According to the matching result, the following cases are processed: 1. if the track T is mismatched, deleting the mismatched track T; 2. initializing a mismatched detection frame D as a new track T; if the Kalman filter prediction frame is successfully matched with the pedestrian detection frame, updating a variable of a track T successfully matched through the Kalman filter; and performing target matching step in a loop iteration mode until the track T of the confirmation state appears or the video frame ends.

In addition, the method also comprises a cascade matching stage, wherein a frame corresponding to the track T in the confirmation state and the track T in the non-confirmation state is predicted by using Kalman filtering, the frame of the track T in the confirmation state is subjected to cascade matching with the detection frame D, appearance characteristics and motion information are utilized in cascade matching, and the appearance characteristics and the motion information of the previous n frames are stored, so that the matching accuracy is improved.

Finally, in the stage of processing the matching result, three cases are processed according to the cascade matching result: if the track T is successfully matched, updating the variable of the track T successfully matched through Kalman filtering; if the mismatch of the target frame D is detected, carrying out IOU matching on the track T in the unacknowledged state and the mismatched track T with the detection frame D which is not successfully matched, and calculating a cost matrix; and then, the Hungary algorithm is applied again to obtain a linear matching result.
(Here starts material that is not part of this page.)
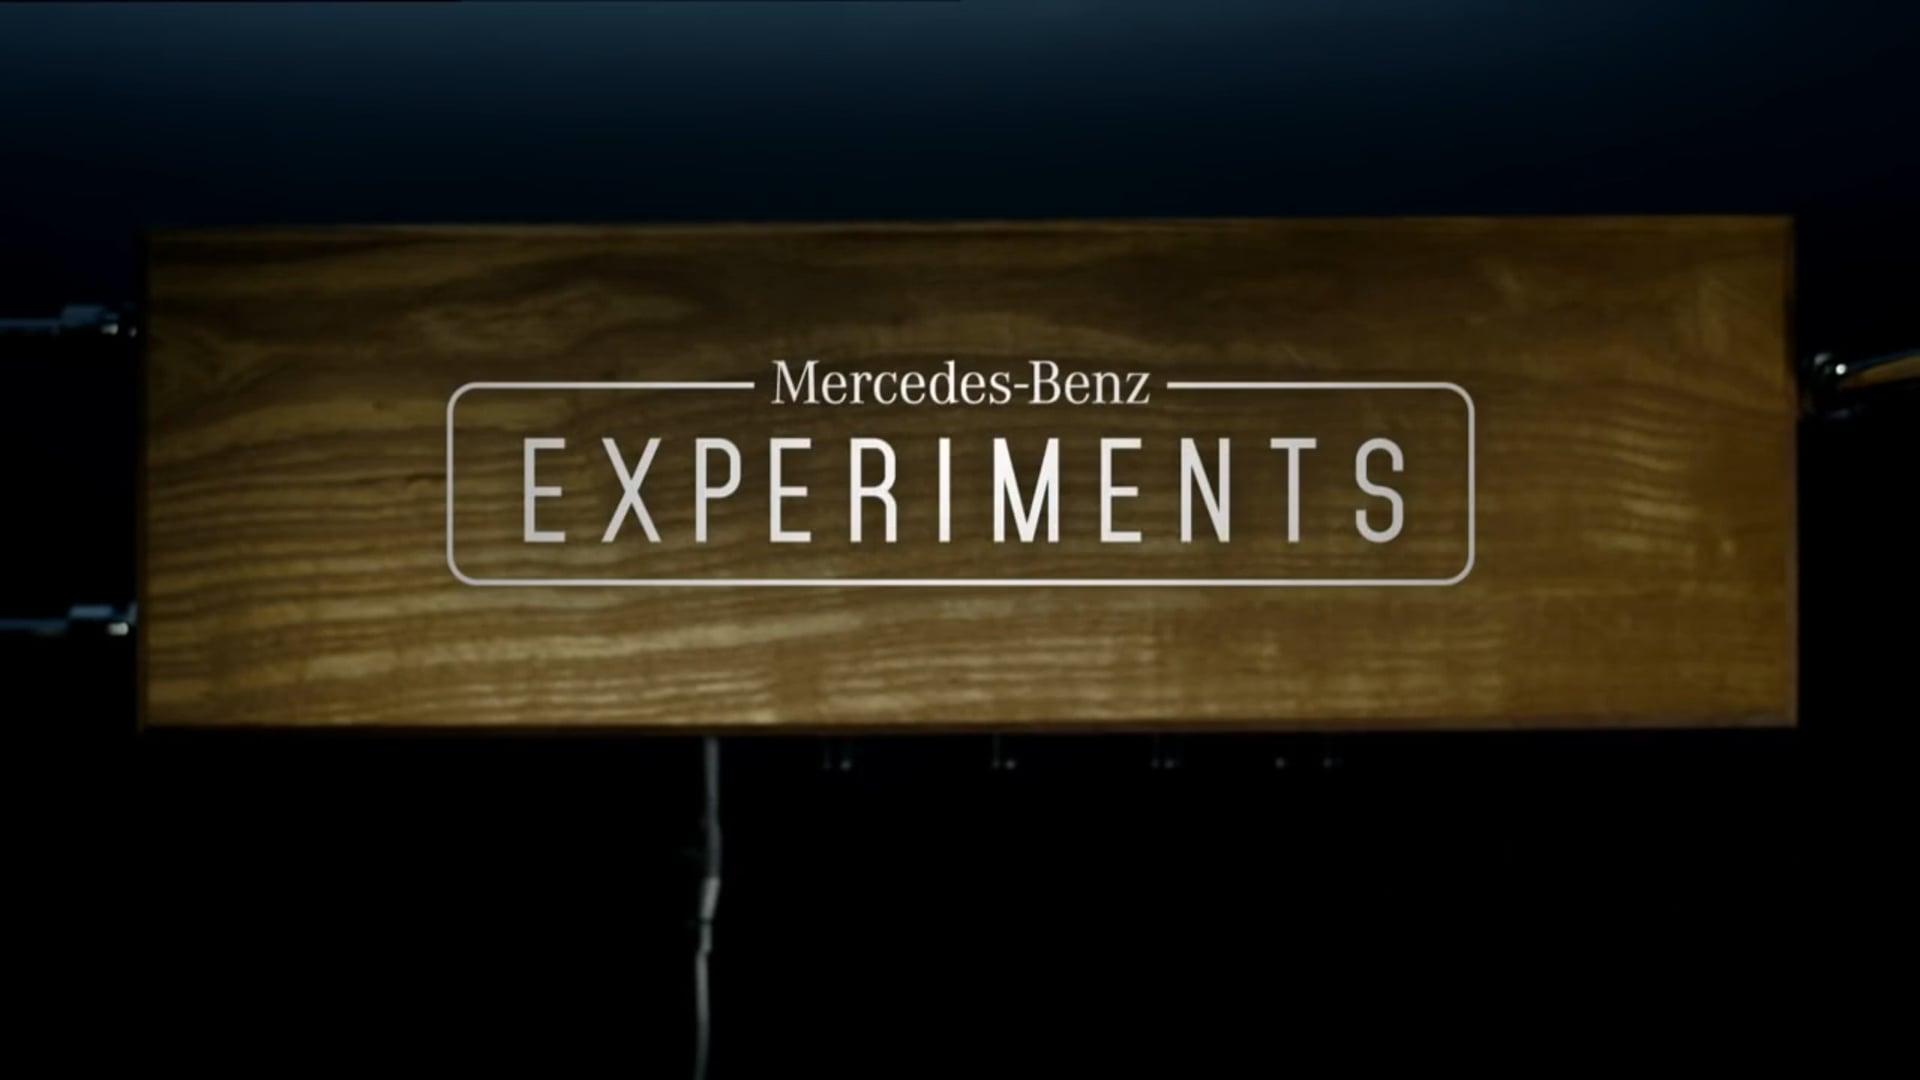 Mercedes-Benz - Experiments: Gestures

And performing the step of processing the matching result in a loop iteration mode until the video frame is ended.

And outputting a result of successfully tracking the pedestrian according to the associated and updated tracker states, drawing a boundary box, allocating unique IDs and generating a pedestrian track, wherein the effect is shown in figure 8.

With the above-described preferred embodiments according to the present invention as an illustration, the above-described descriptions can be used by persons skilled in the relevant art to make various changes and modifications without departing from the scope of the technical idea of the present invention. The technical scope of the present invention is not limited to the description, but must be determined according to the scope of claims.

Claims

1. The pedestrian tracking method for video monitoring is characterized by comprising the following steps of:

2. The pedestrian tracking method for video surveillance of claim 1, wherein the preprocessing operation includes: the image is adjusted for brightness and contrast, noise reduction and resizing.

3. The pedestrian tracking method for video surveillance of claim 1, wherein the improvement to the YOLOv5 network model is to replace C3 modules of layers 2, 4, 6 and 8 of the YOLOv5 network backup with DAMC3 modules; the DAMC3 is a spatial attention module, a channel attention module, and a convolution module connected in sequence at the output layer of the C3 module.

4. The pedestrian tracking method for video surveillance of claim 1, wherein the MobileNetV2 feature extraction module comprises:

5. The pedestrian tracking method for video surveillance of claim 1, wherein the equation of mahalanobis distance is:

6. The pedestrian tracking method for video surveillance of claim 1, wherein step four further includes:

7. A pedestrian tracking system for video surveillance, comprising: a memory for storing instructions executable by the processor; a processor for executing instructions to implement the pedestrian tracking method for video surveillance of any one of claims 1-6.

8. Computer readable medium storing computer program code, characterized in that the computer program code, when executed by a processor, implements the pedestrian tracking method for video monitoring as claimed in any one of claims 1-6.